First, I’ll start with the video (HD recommended):
And the Git repo with the code: http://github.com/andrewcerrito/Hotel-Data-Project
This visualization takes a random sampling of one-tenth of all hotels in the world and displays them in a map view by default. The points on the map are color-coded by the hotel’s star rating, with 0/unrated being the darkest orange and 5 stars being the brightest yellow. If you press S, the visualization changes to star ranking mode, in which it divides the random 10% set into proportionally-sized squares for each ranking. By pressing M, you can return to map view.
The first challenge with this project was wrangling the huge dataset into some sort of usable shape. I downloaded and went through some tutorials for openRefine, and then loaded the set it. After poking around, I noticed that some of the most complete categories included the hotel name, the star rating (after combing through and setting all unrated hotels to 0), the latitude and longitude, and the country name. In order to try to reduce the amount of data for Processing to parse, I cleaned for those categories and deleted the data I didn’t plan on using (later I ended up taking out the hotel name field, which further cut the file size by about 50%).
Once loaded into Processing, I set out trying to plot the data into a map view. I looked around for map libraries, but the most prominent one only worked with Processing 1.5 or lower. Since I was using Table classes to organize my data (2.0+), I couldn’t use it. After some experimenting, I found that mapping the latitude and longitude coordinates to the edges of the screen makes for a perfectly usable (and rather neat-looking) map. I color-coded them by star ranking by mapping their rating to green in an RGB color with red set to 255. That way, the 0-stars are red, and the hotels get more yellow the higher they’re ranked.

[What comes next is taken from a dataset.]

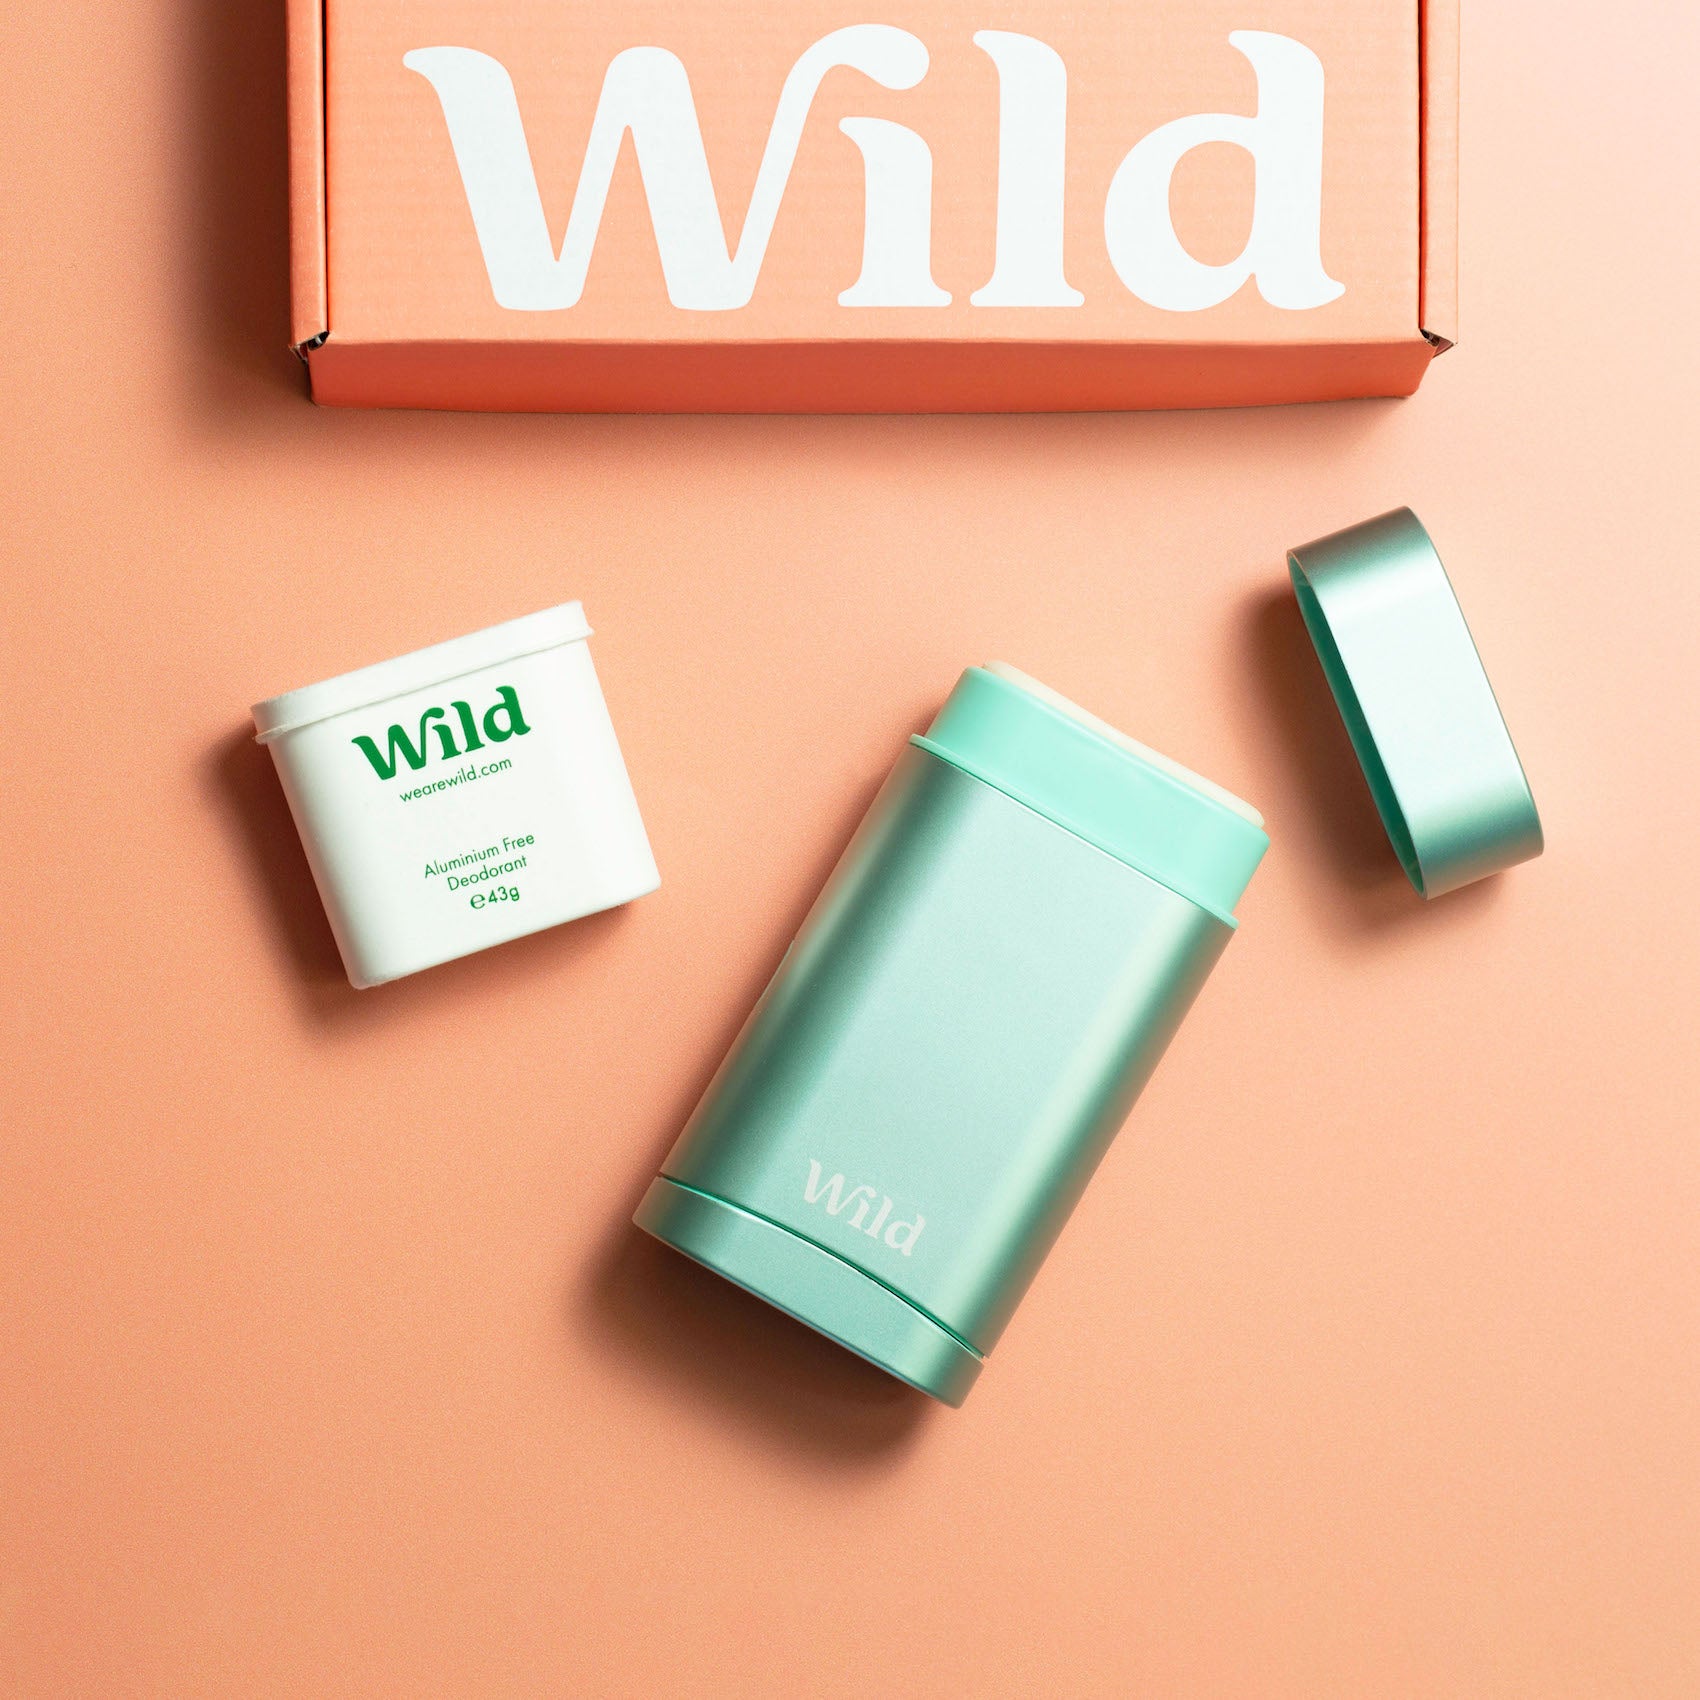 Get Wild this summer with the UK's number one plastic-free natural deodorant
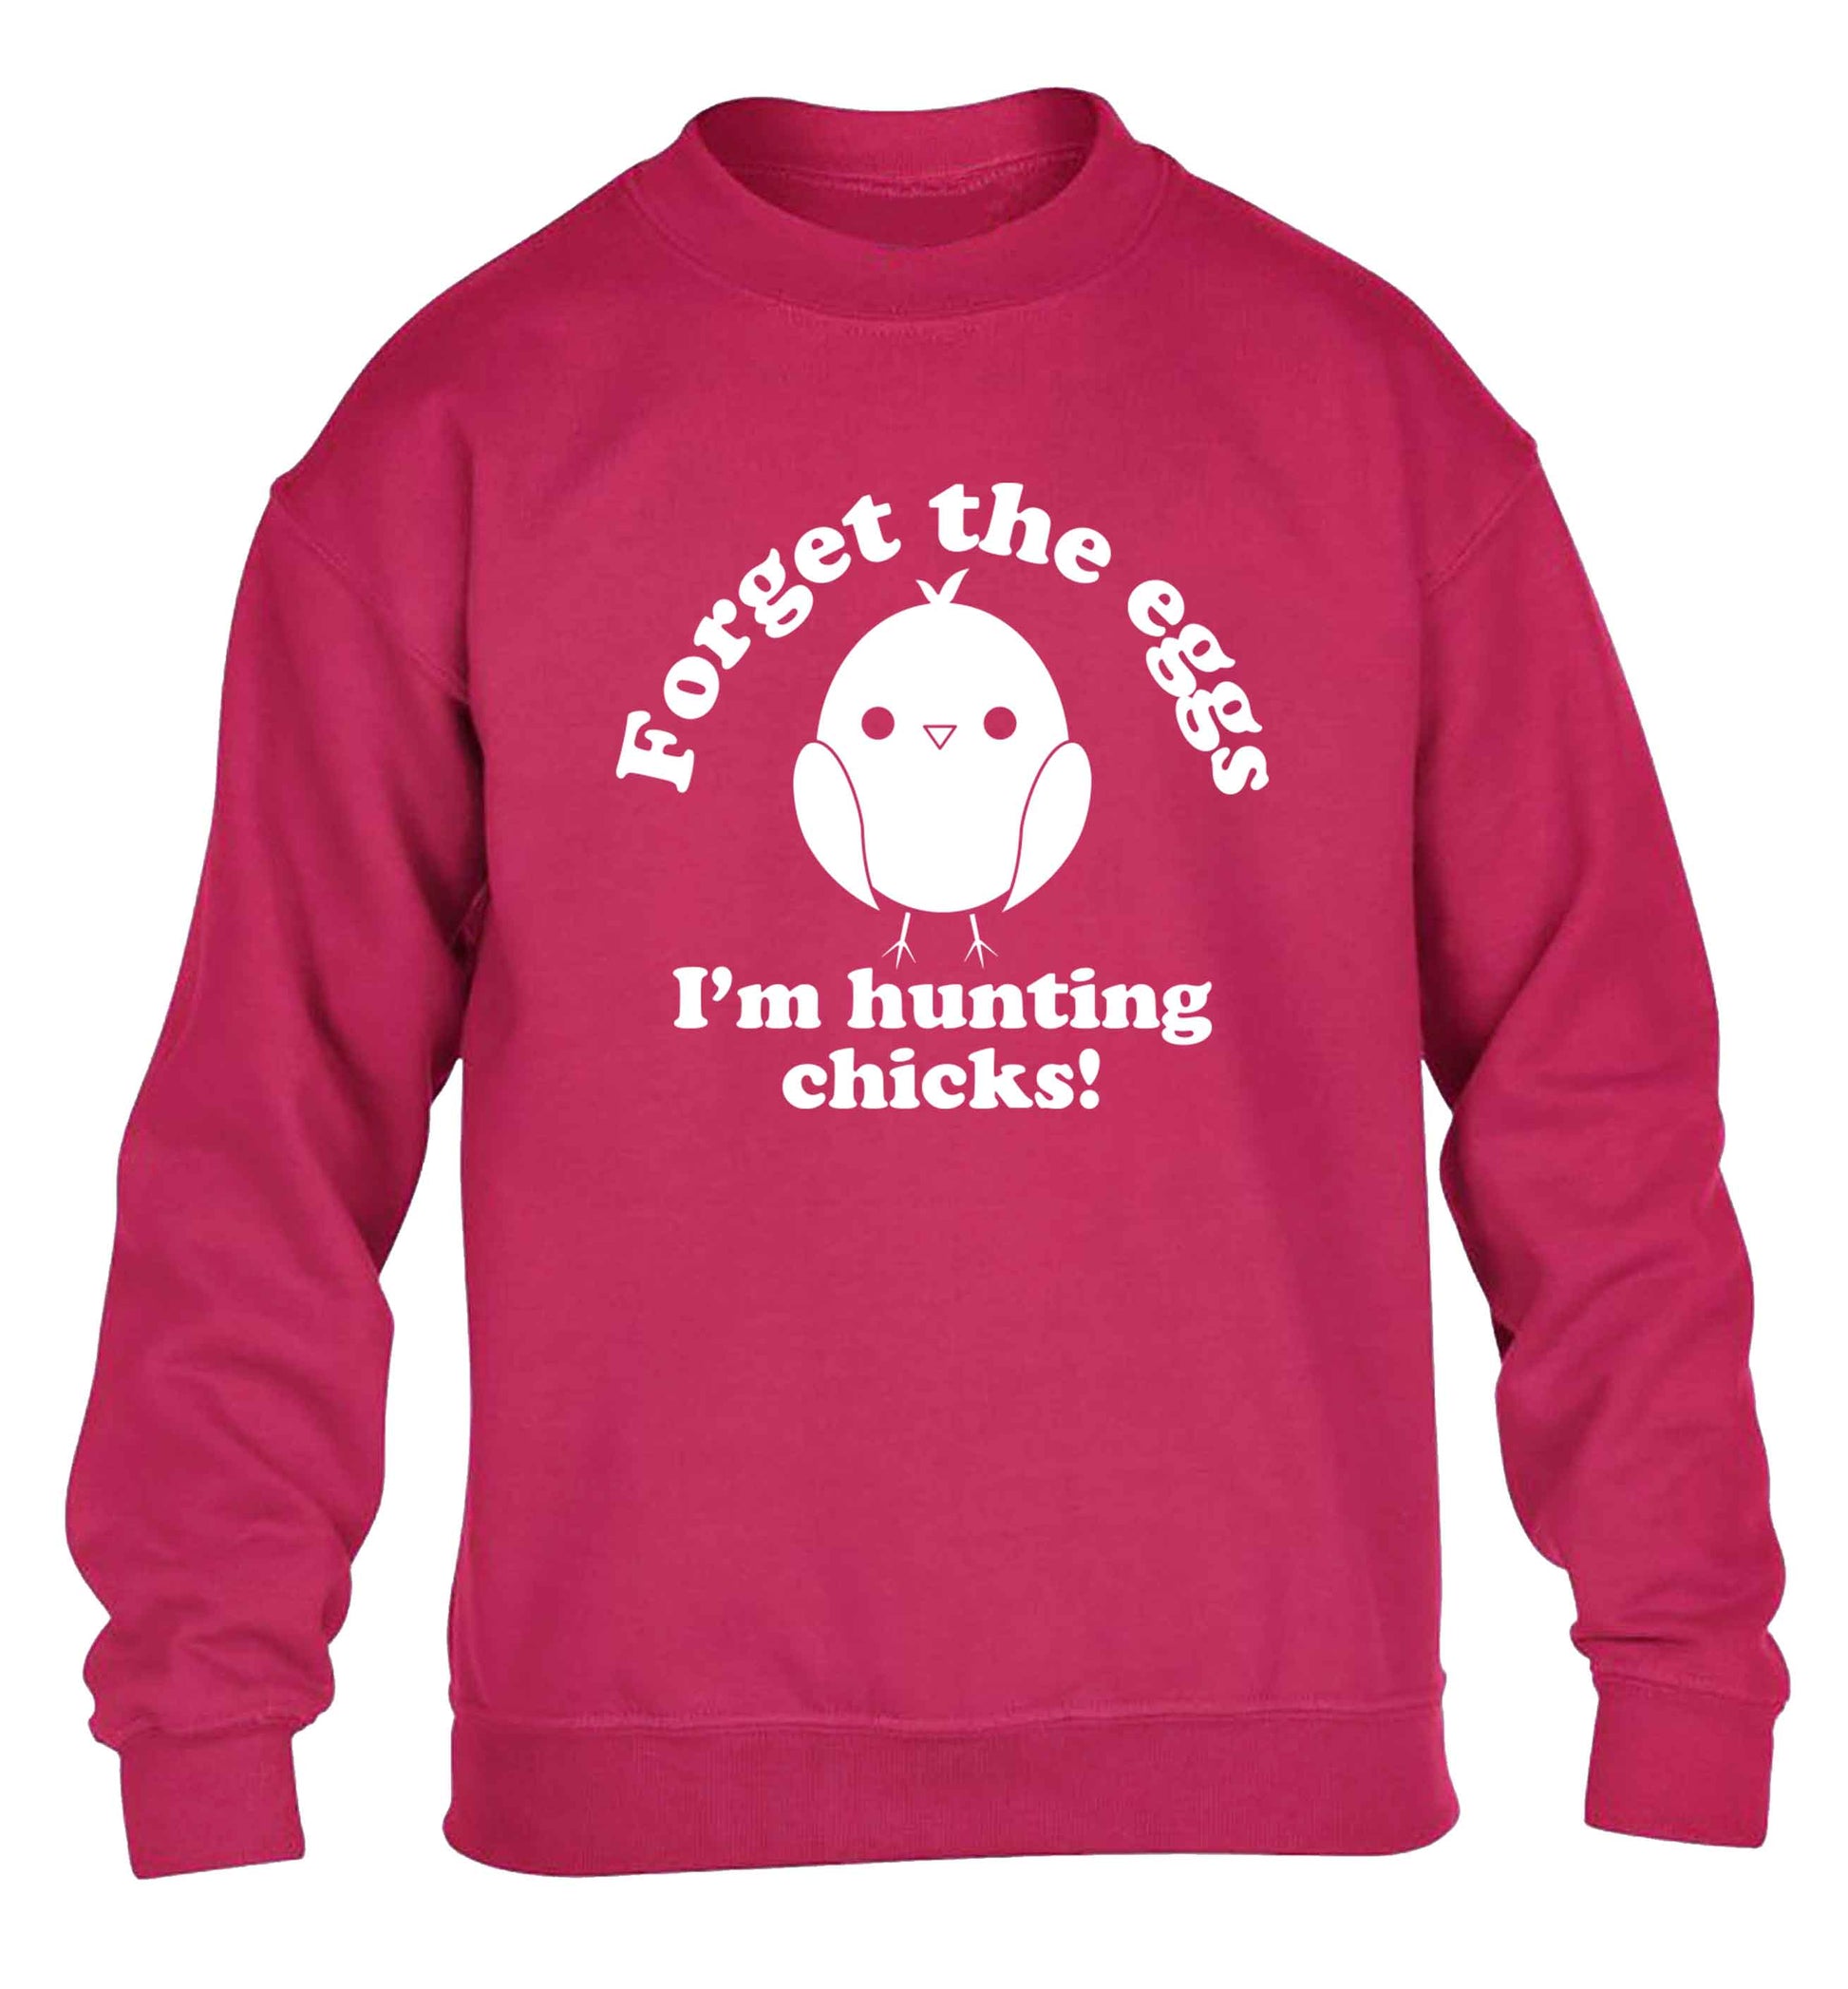 Forget the eggs I'm hunting chicks! children's pink sweater 12-13 Years

After that, I set about animating the map. It was around then that framerate became a major issue (the screen only refreshed once every 1-3 seconds or so). By putting in a random-selection filter, I found that limiting the data to 8% of the total produced a usable framerate, which was disappointing. (Later, I added a motion blur which let me get away with a slightly chunkier framerate, letting me bump it to 10% – it could probably go to 15 but it would start to really show at that point.)
The final step was to add the star ranking view. In order to make the squares proportionally sized to each other, I had Processing sort/count the number of hotels in each category in the setup() loop. I noticed unrated was the largest, so I mapped all the other squares against that. I also ended up square-rooting each category, so that the size difference of the squares would be exaggerated.